Потом пришла Святая суббота.
Монахи несли отшельников на руках - те бредили от истощения. Френсис за
время поста похудел на тридцать фунтов и ослаб до последней крайности.
Когда его принесли в келью и поставили на ноги, он покачнулся и упал.
Братья подняли Френсиса, умыли, побрили, умастили обожженную кожу маслом.
Послушник все это время бормотал что-то нечленораздельное про некое
создание, одетое в мешковину, называл его то ангелом, то святым, без конца
поминал имя "Лейбовиц" и просил за что-то прощения.
Монахи, которым настоятель запретил разговаривать на эту тему, только
обменивались многозначительными взглядами да с таинственным видом качали
головами.
Дошли слухи об этом и до настоятеля.
- Приведи его сюда, - рявкнул он писцу, как только узнал, что Френсис в
состоянии передвигаться.
Писца словно ветром сдуло из комнаты.
- Ты отрицаешь, что говорил подобные вещи? - прорычал настоятель.

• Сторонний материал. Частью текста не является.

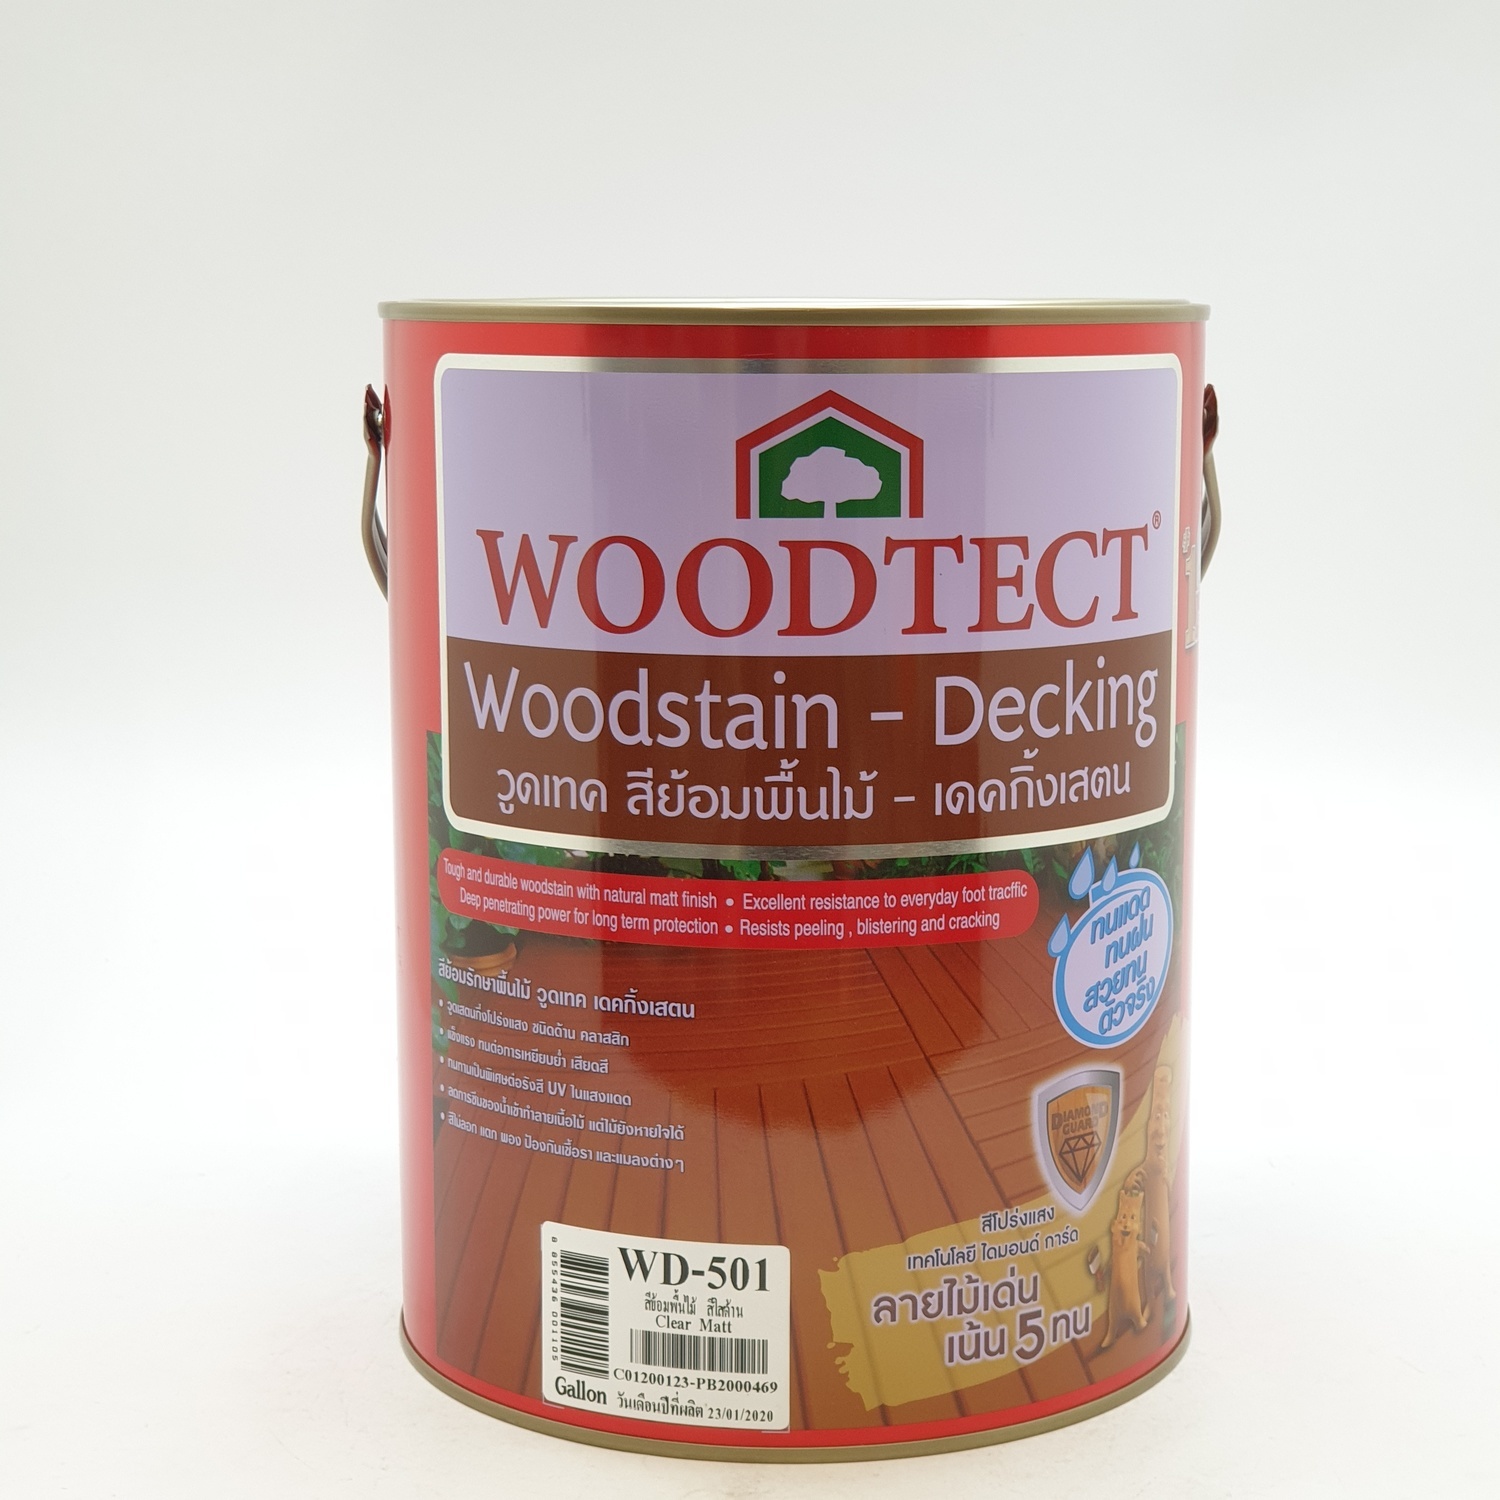 Woodtect วูดเทคเดคกิ้งเสตน WD-501 1 กล. สีใสด้าน

- Я не помню, что говорил это, господин настоятель, - ответил послушник,
глядя Аркосу в глаза. - Я мог бредить.
- Ну ладно, допустим, ты бредил. А сейчас ты можешь повторить это?

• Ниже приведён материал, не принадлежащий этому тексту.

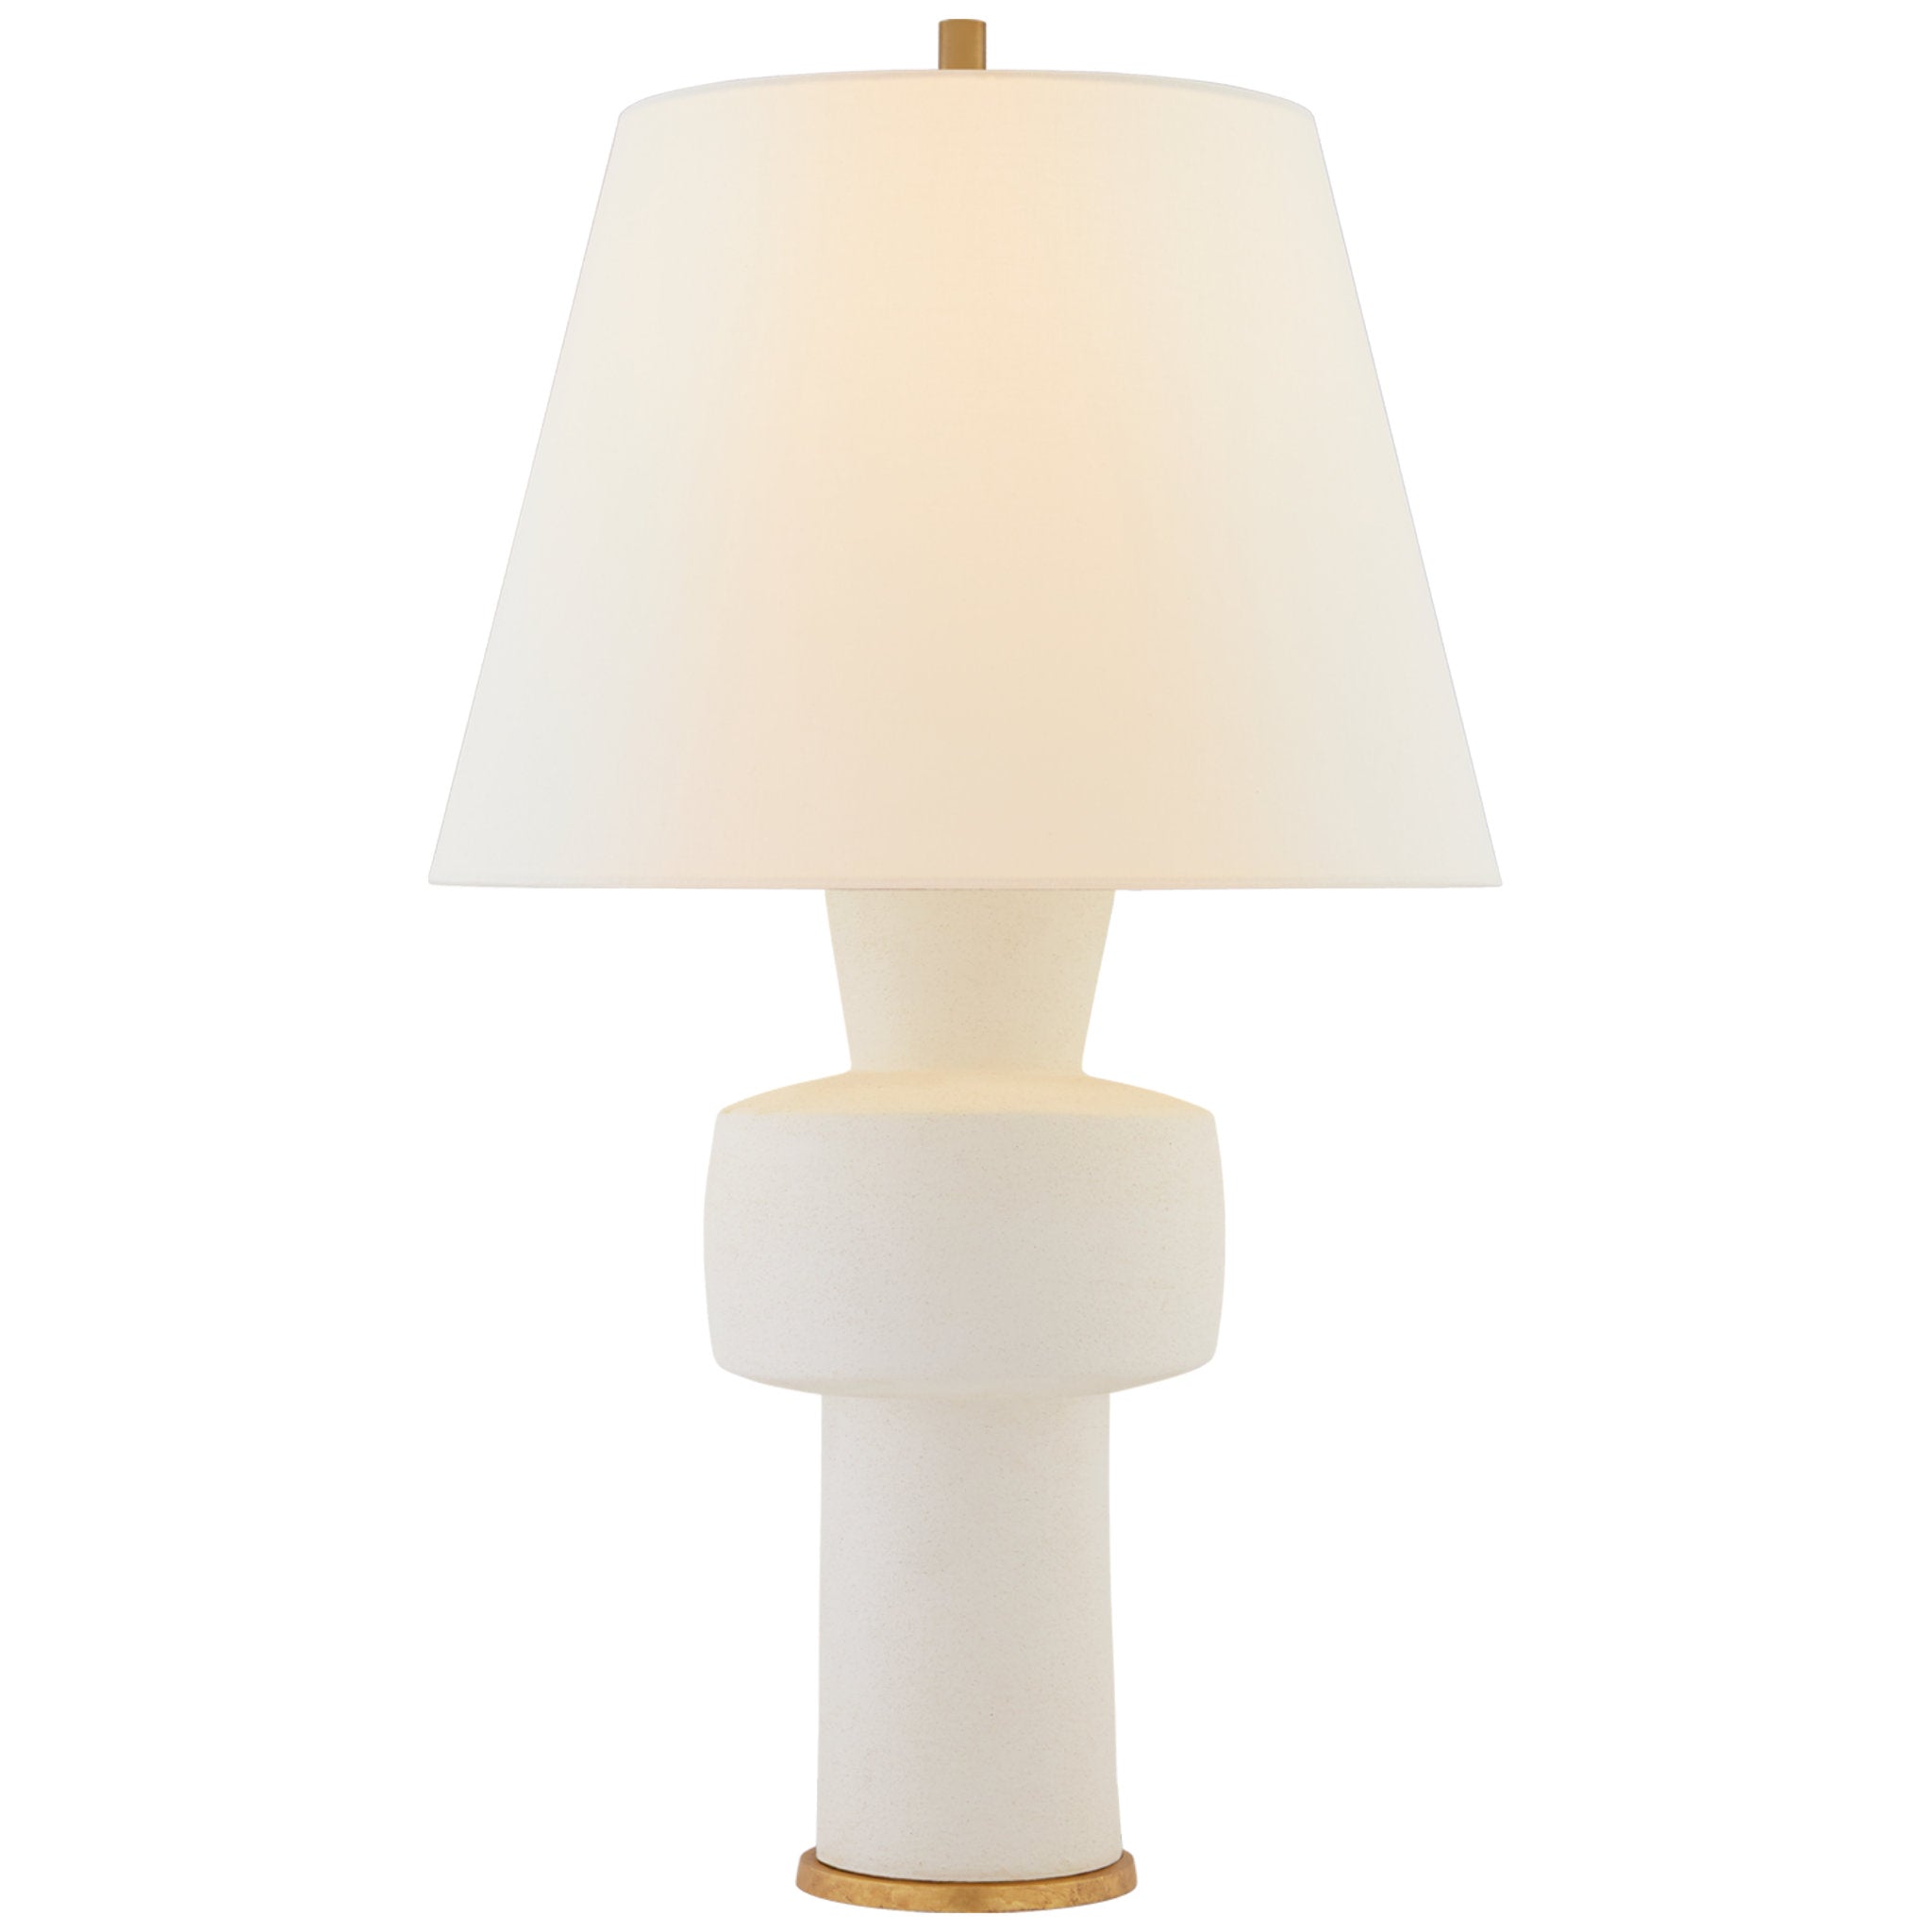 Christopher Spitzmiller Eerdmans Medium Table Lamp in Sandy White with Linen Shade

- Что паломник был Блаженный? О нет, мой господин!
- Тогда подтверди обратное.
- Я не думаю, что паломник был Блаженным.
- Ну почему не сказать просто - "он не был"?
- О, я никогда не видел Блаженного Лейбовица и я не могу...
- Хватит! - приказал настоятель. - Это уж слишком! Я не желаю видеть и
слышать тебя как можно дольше! Вон отсюда! И вот еще что. Не надейся стать
монахом в нынешнем году вместе с другими послушниками. Разрешения не будет.
Френсису показалось, что его ударили здоровенным бревном под дых.
6
В монастыре отныне запрещалось вести какие-либо разговоры о паломнике.
Конечно, на реликвии и радиационное убежище запрет распространяться не
мог, он касался одного лишь Френсиса, которому не разрешалось вступать в
беседы и на эту тему, и вообще предписывалось поменьше размышлять о столь
опасных материях. И все же послушник волей-неволей узнавал о том, что
происходит в монастыре. В одной из мастерских монахи трудились над
обнаруженными документами - и теми, из ящика, и другими, найденными в
древнем письменном столе. А потом настоятель приказал убежище закрыть.
Закрыть?! Брат Френсис не верил своим ушам. Ведь убежище осталось
практически нетронутым. После него никто толком и не пытался проникнуть в
тайну подземелья - лишь взломали стол, который он не сумел открыть, и все.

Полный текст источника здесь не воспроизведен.